Орлов поднял кверху голову, сверкнул своими большими серыми глазами на Шептуна и дрожащим голосом крикнул:
– Не надо! Совсем не надо держать, я не пошевелюсь.
– Попробуйте, оставьте его одного, – сказал майор. Солдаты отошли. Доктор Глебов попробовал пульс и, взглянув на майора, тихо шепнул:
– Можно, здоров.
– Ну, ребята, начинай, а я считать буду, – обратился Ярилов к двум ефрейторам, стоявшим с пучками по обе стороны Орлова.
– Р-раз.
– А-ах! – раздалось в строю.
Большинство молодых офицеров отвернулось. Майор отвел в сторону красавца-бакенбардиста Павлова, командира первой роты, и стал ему показывать какую-то бумагу. Оба внимательно смотрели ее, а я, случайно взглянув, заметил, что майор держал ее вверх ногами.
– Два… Три… Четыре… – методически считал Ярилов.
Орлов закусил зубами шинель и запрятал голову в сукно. Наказывали слабо, хотя на покрасневшем теле вспухали синие полосы, лопавшиеся при новом ударе.
– Ре-же! Креп-че! – крикнул Шептун, следивший с налитыми кровью глазами за каждым ударом.
Невольно два удара после его восклицания вышли очень сильными, и кровь брызнула на пол.
– Мм-мм… гм… – раздался стон из-под шинели.
– Розги переменить!
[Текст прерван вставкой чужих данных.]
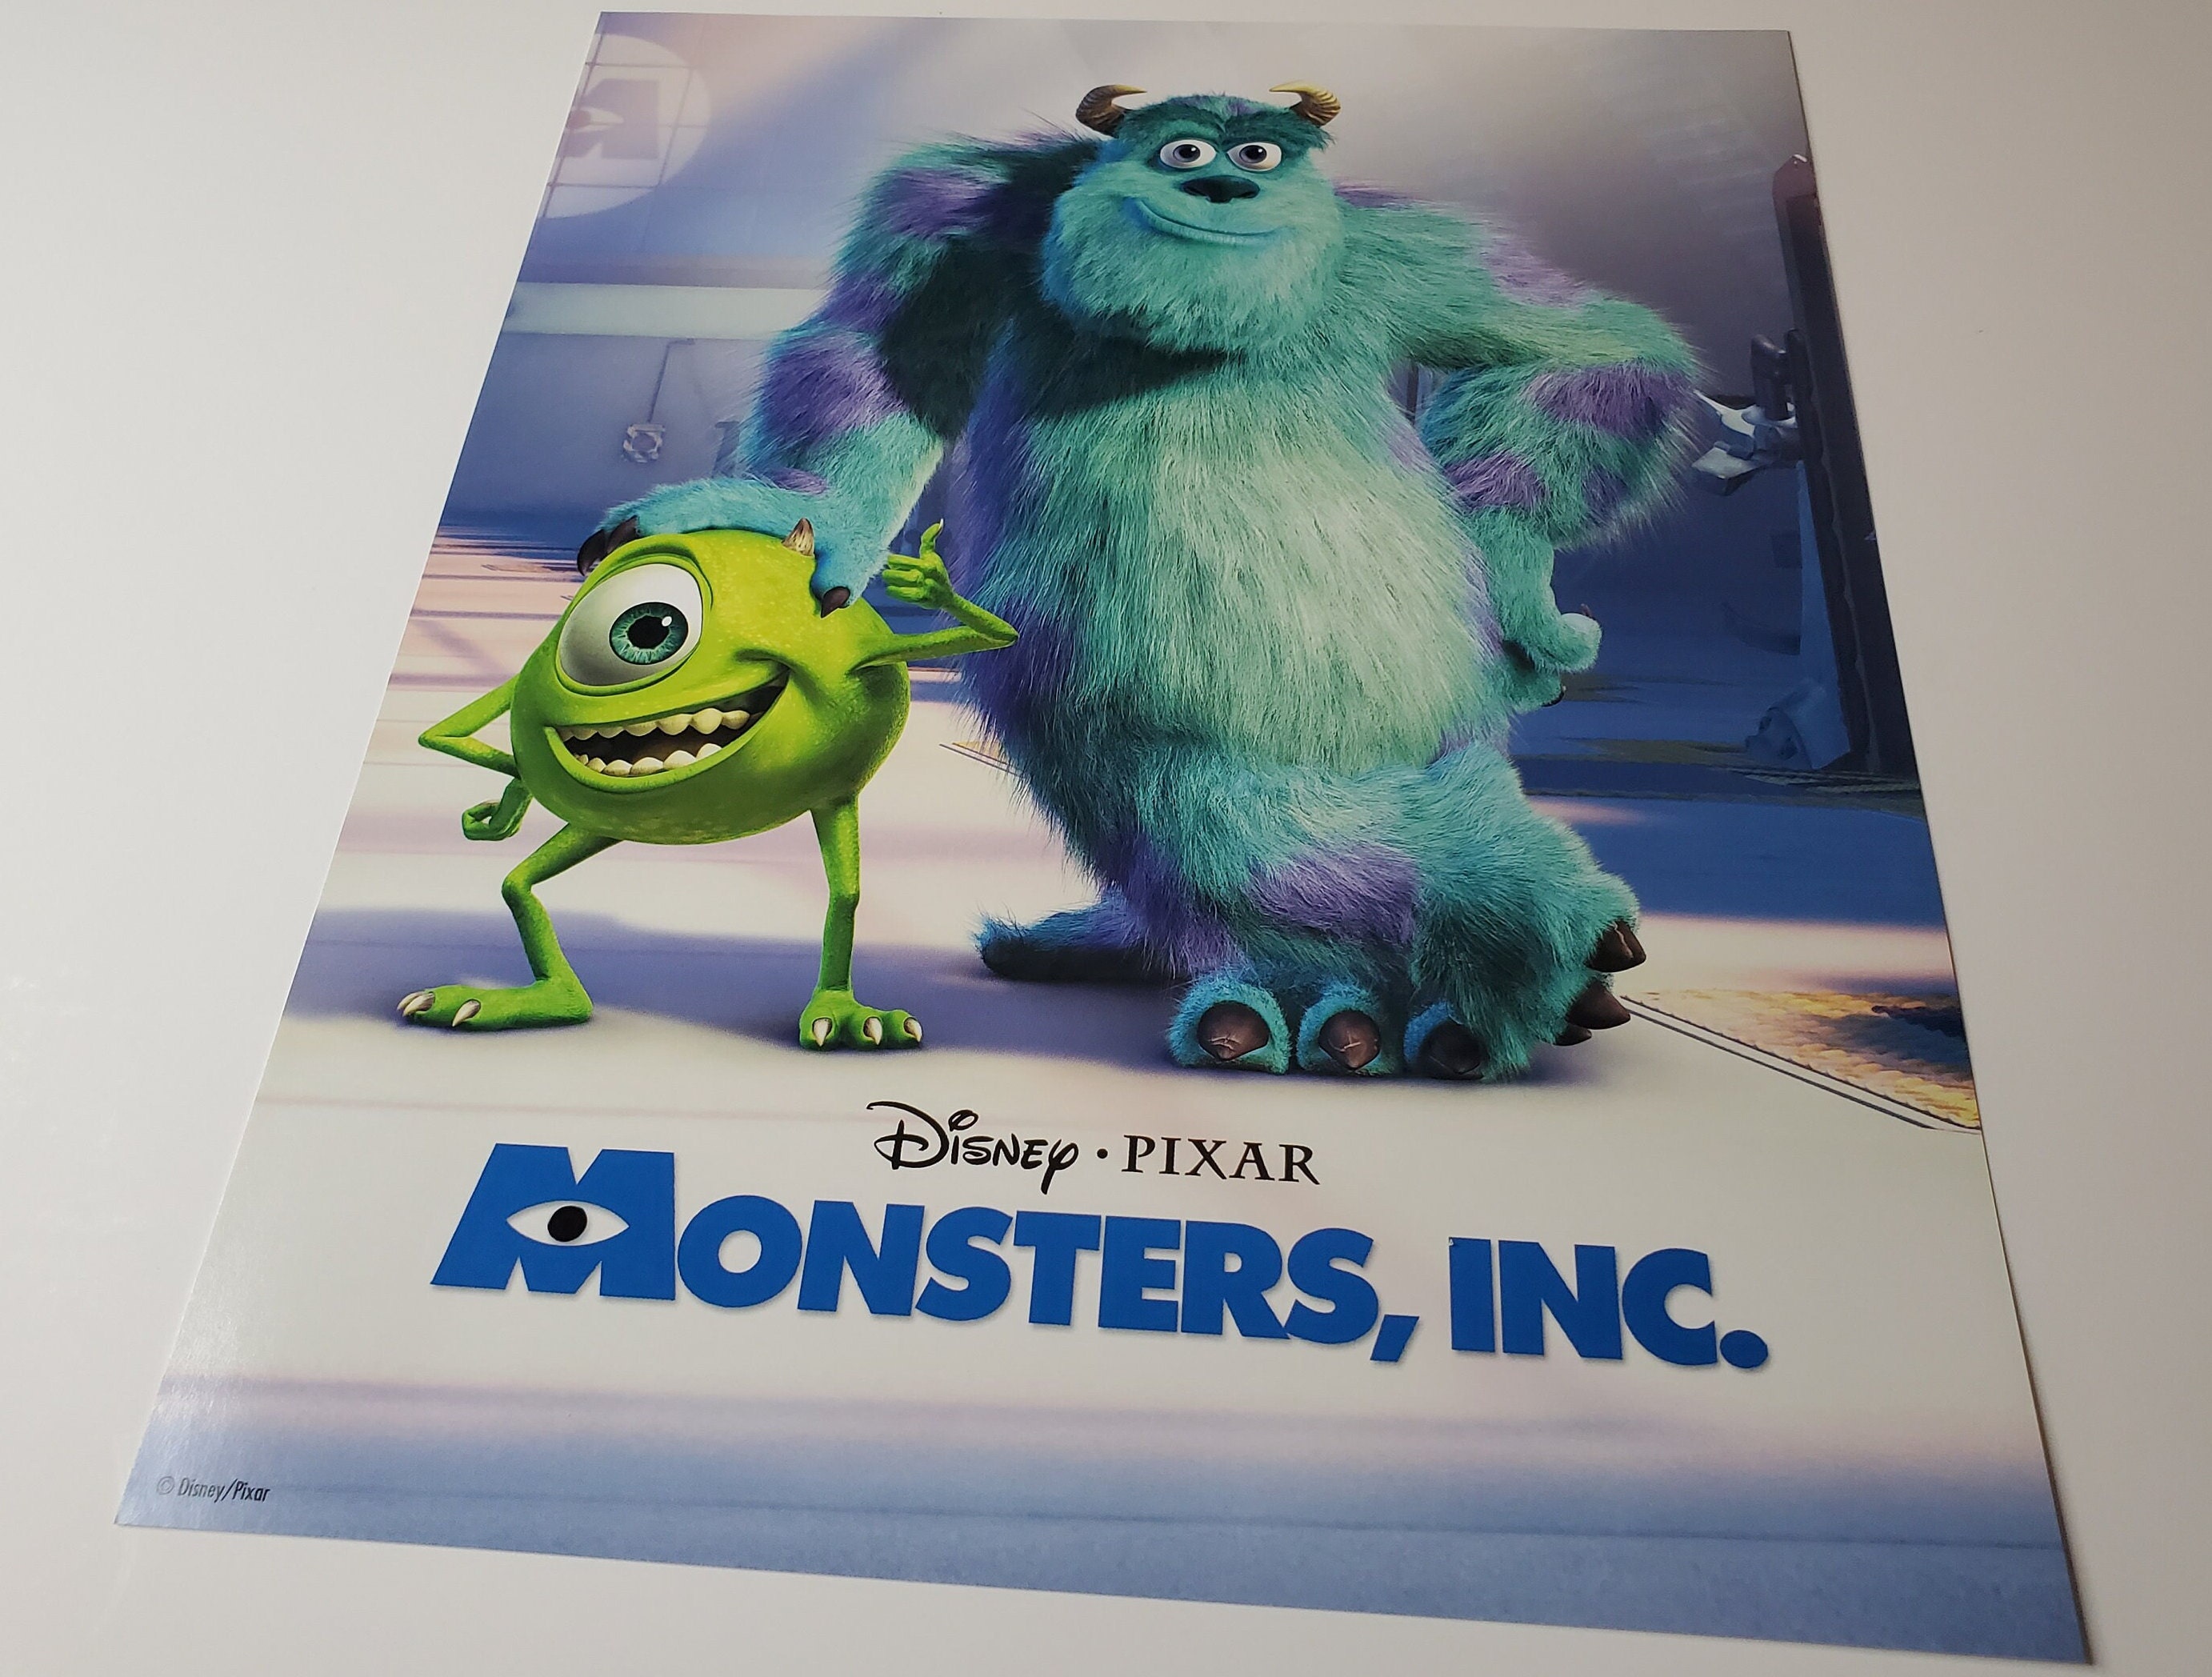 Monstropolis Transit Authority Taxi - Monsters, Inc. Mike & Sulley

Свежие! – забыв все, вопил Шептун.
У барабанщика Шлемы Финкельштейна глаза сделались совсем круглыми, нос вытянулся, и барабанные палки запрыгали нервной дробью.
– Господин штабс-капитан! Извольте отправиться под арест! – покрасневший, с вытянутой шеей, от чего голова стала еще более похожа на лошадиную, загремел огромный майор на Шептуна. Все замерло. Даже поднятые розги на момент остановились в воздухе и тихо опустились на тело.